From pilots to production
The AI maturity curve in insurance is beginning to crystallise and the spread is stark. Most major insurers are now referencing AI publicly, but few articulate a coherent, enterprise-wide strategy. Fewer still disclose how AI is being operationalised, with only a tiny minority reporting any specific financial return from their AI investments.
This lack of transparency reflects a deeper challenge: in many firms, AI remains siloed, confined to R&D teams or standalone pilots, without integration into core functions like underwriting, claims, or customer service. The result is uneven progress and a growing risk of strategic drift.

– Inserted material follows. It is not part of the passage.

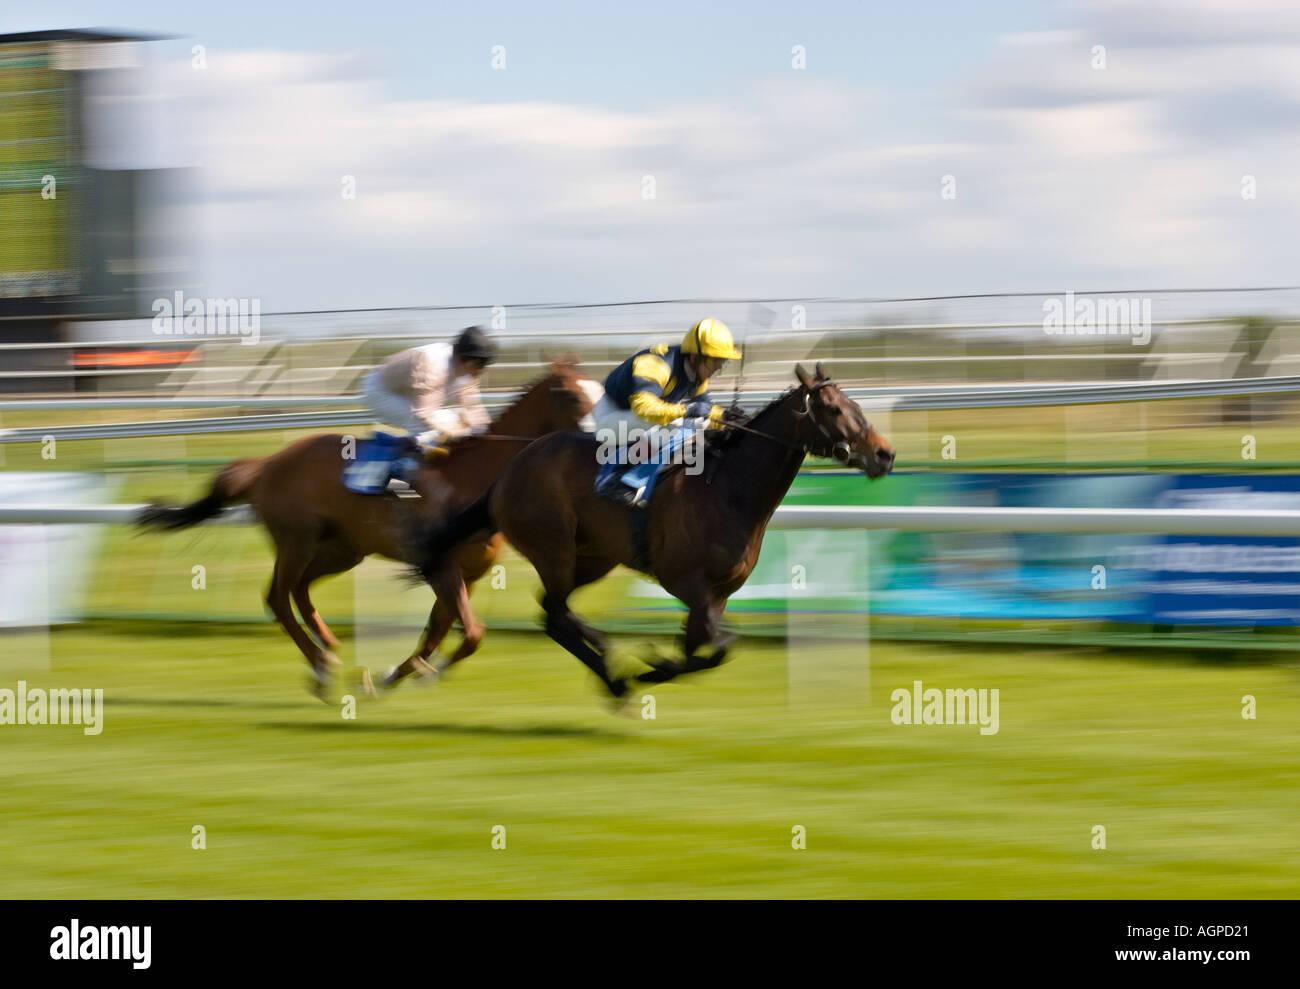 Las carreras de caballos en una carrera por la línea de meta Imagen De Stock

By contrast, the leading insurers in our Index, such as AXA, Allianz, USAA and Intact Financial, are moving decisively. They are building enduring capability: embedding AI into frontline operations, recruiting specialised talent, and setting clear expectations for ROI. These are not experiments; they are structured, scaled programmes designed to give them a distinct commercial advantage.
For the rest of the market, the message is implicit but urgent: the window to catch up is narrowing.
AI’s impact will only grow
For insurers serious about AI, the path forward is no longer ambiguous. It’s about moving from intent to integration, from proof-of-concept to performance. That means embedding AI into the operational core – underwriting, claims, fraud, customer experience – where capability translates into competitive edge.
The firms leading our Index aren’t just investing in technology, they’re building the organisational architecture to support it. That starts with people. Recruiting AI specialists, reskilling domain experts, and equipping teams to translate technical potential into commercial outcomes. Without this focus on talent, even the best tools won’t scale.
Transparency is a vital and frequently overlooked area of capability. Clear public reporting on AI use and results remains rare across the insurance industry. This needs to change, not just to build trust with regulators and investors, but to drive internal accountability and momentum. Insurers that communicate openly about their progress are better positioned to lead.
Ultimately, the race for AI adoption and maturity is about setting the terms of future advantage. The firms that act now, with strategic intent, organisational clarity, and a commitment to transparency, won’t just outperform their peers, they’ll help define the standards by which the whole sector is judged.